Quote the whole listing exactly. Leave the pictures out of your copy.

PROVIDED MATERIAL:
*** Block opens ***

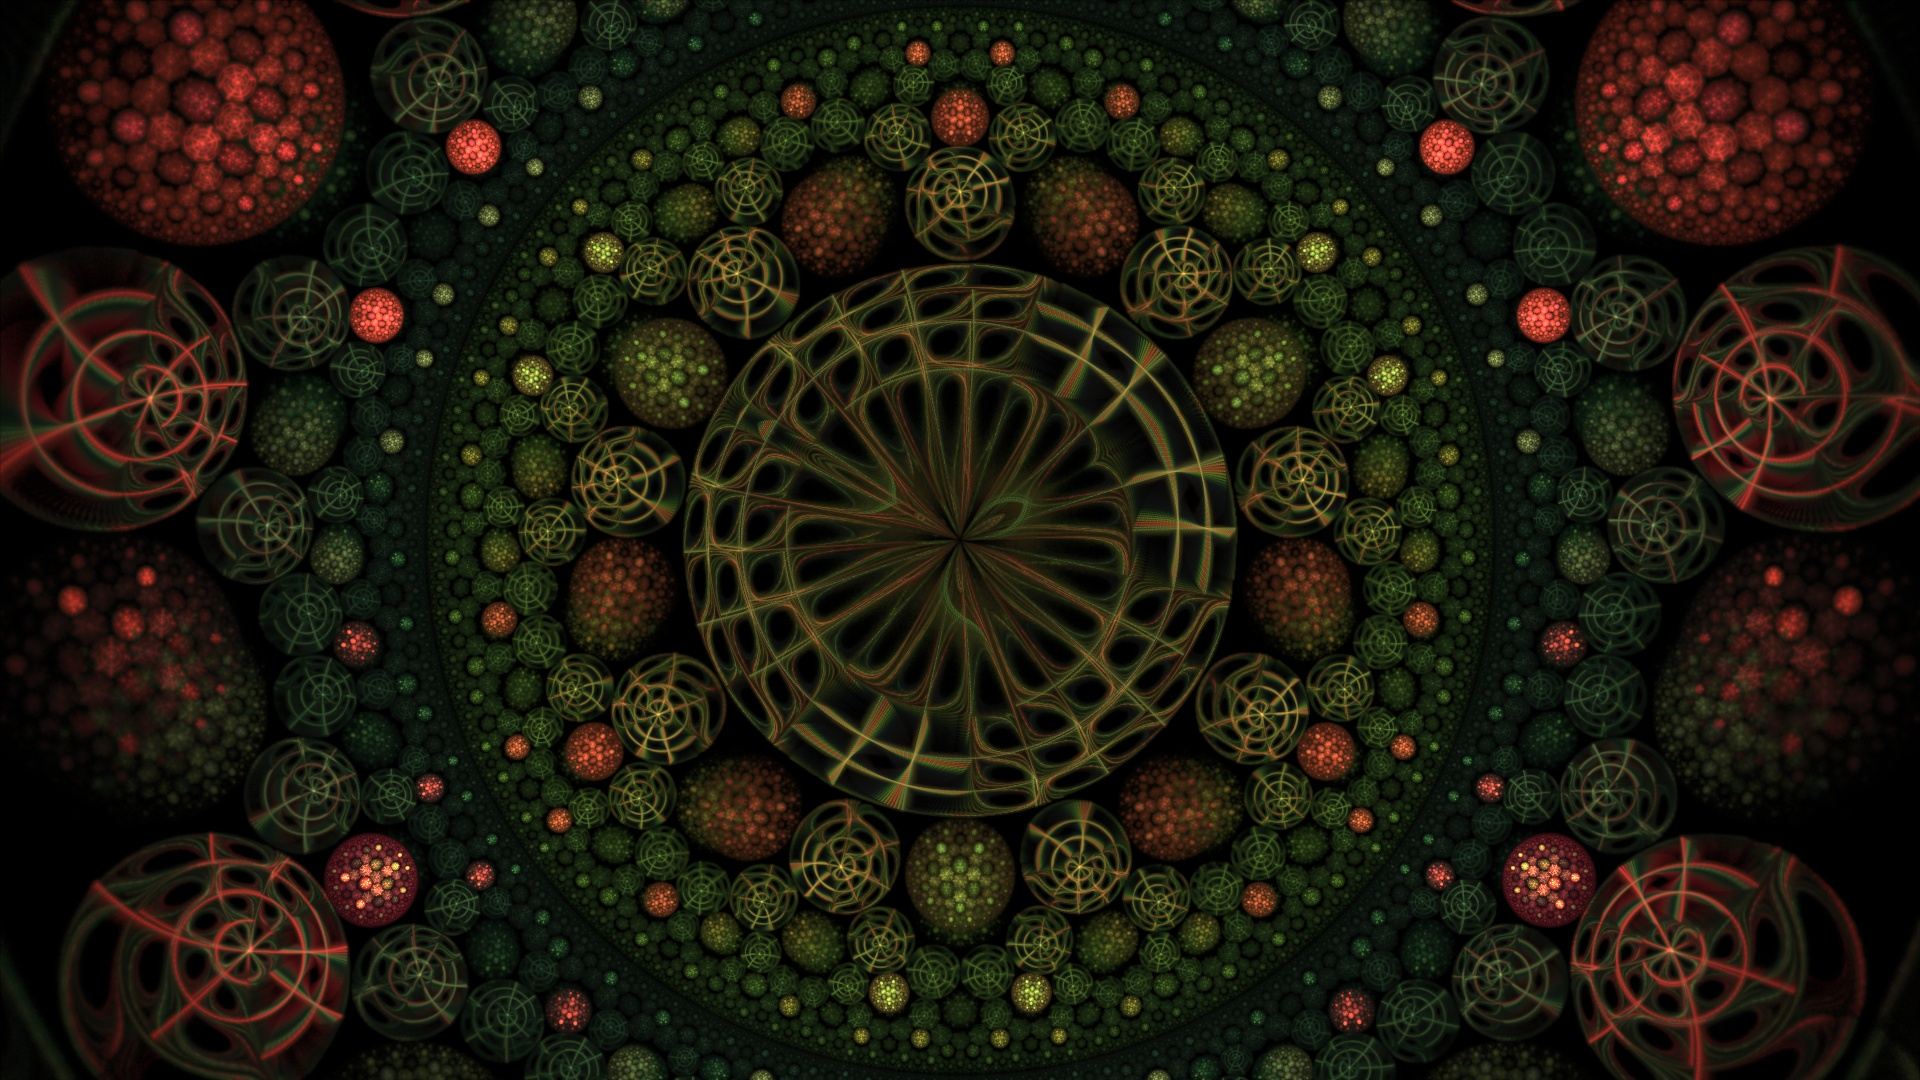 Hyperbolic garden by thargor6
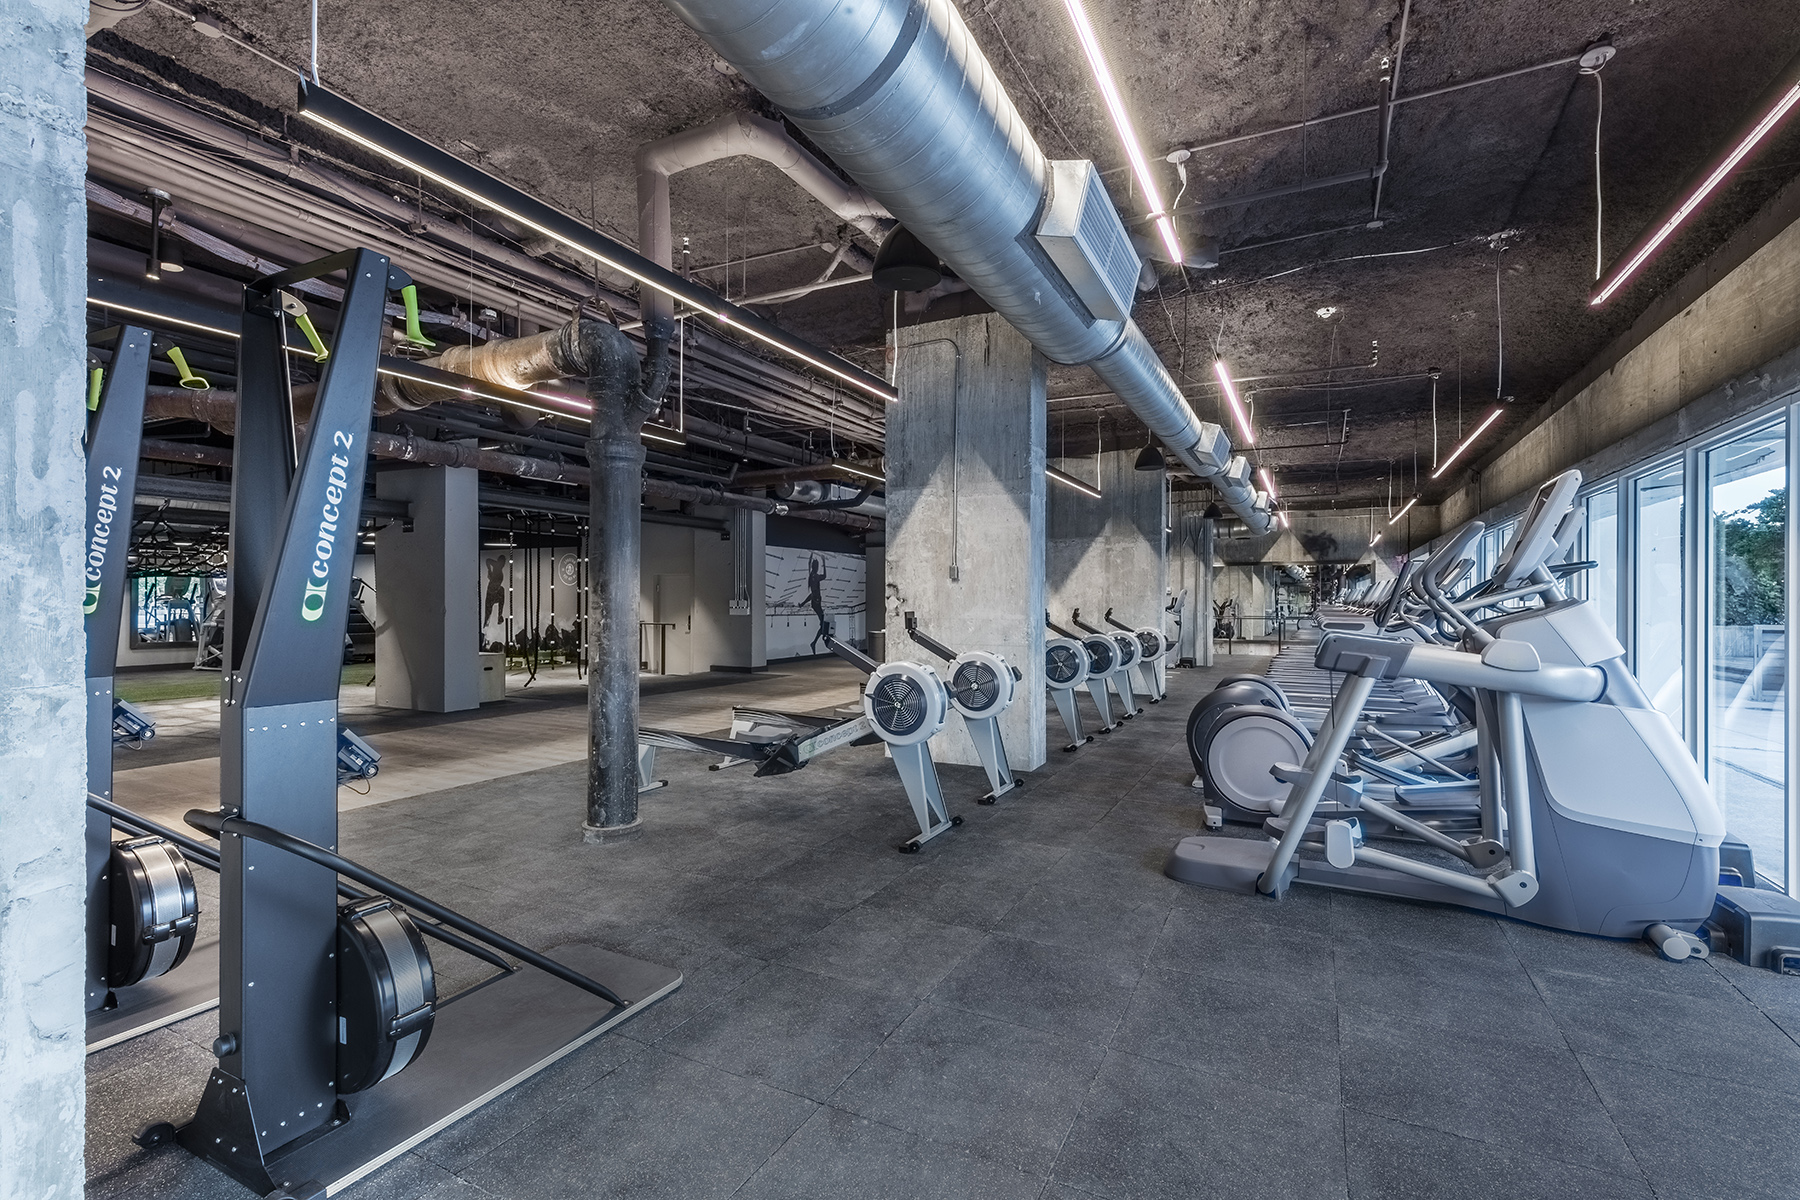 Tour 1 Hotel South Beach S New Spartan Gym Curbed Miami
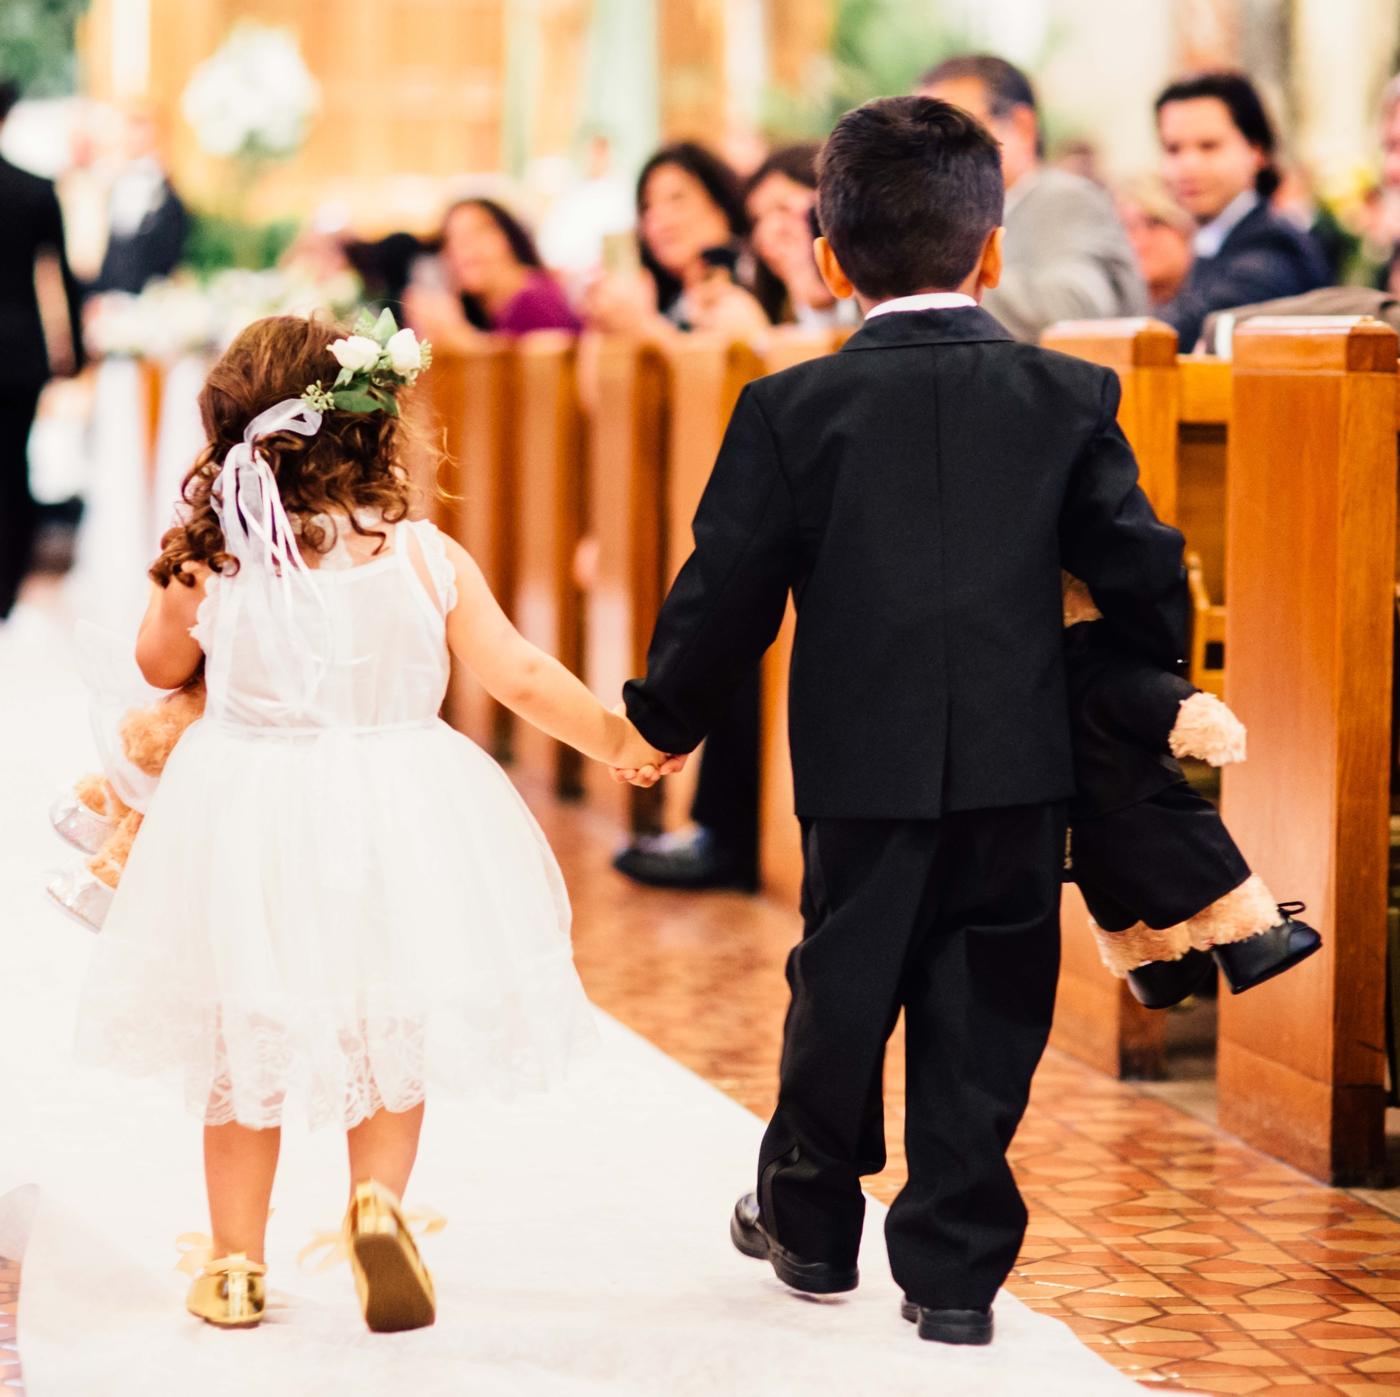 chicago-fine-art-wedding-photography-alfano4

*** Block closes ***

OUTPUT BELOW:
 Hyperbolic garden by thargor6
 Tour 1 Hotel South Beach S New Spartan Gym Curbed Miami
 chicago-fine-art-wedding-photography-alfano4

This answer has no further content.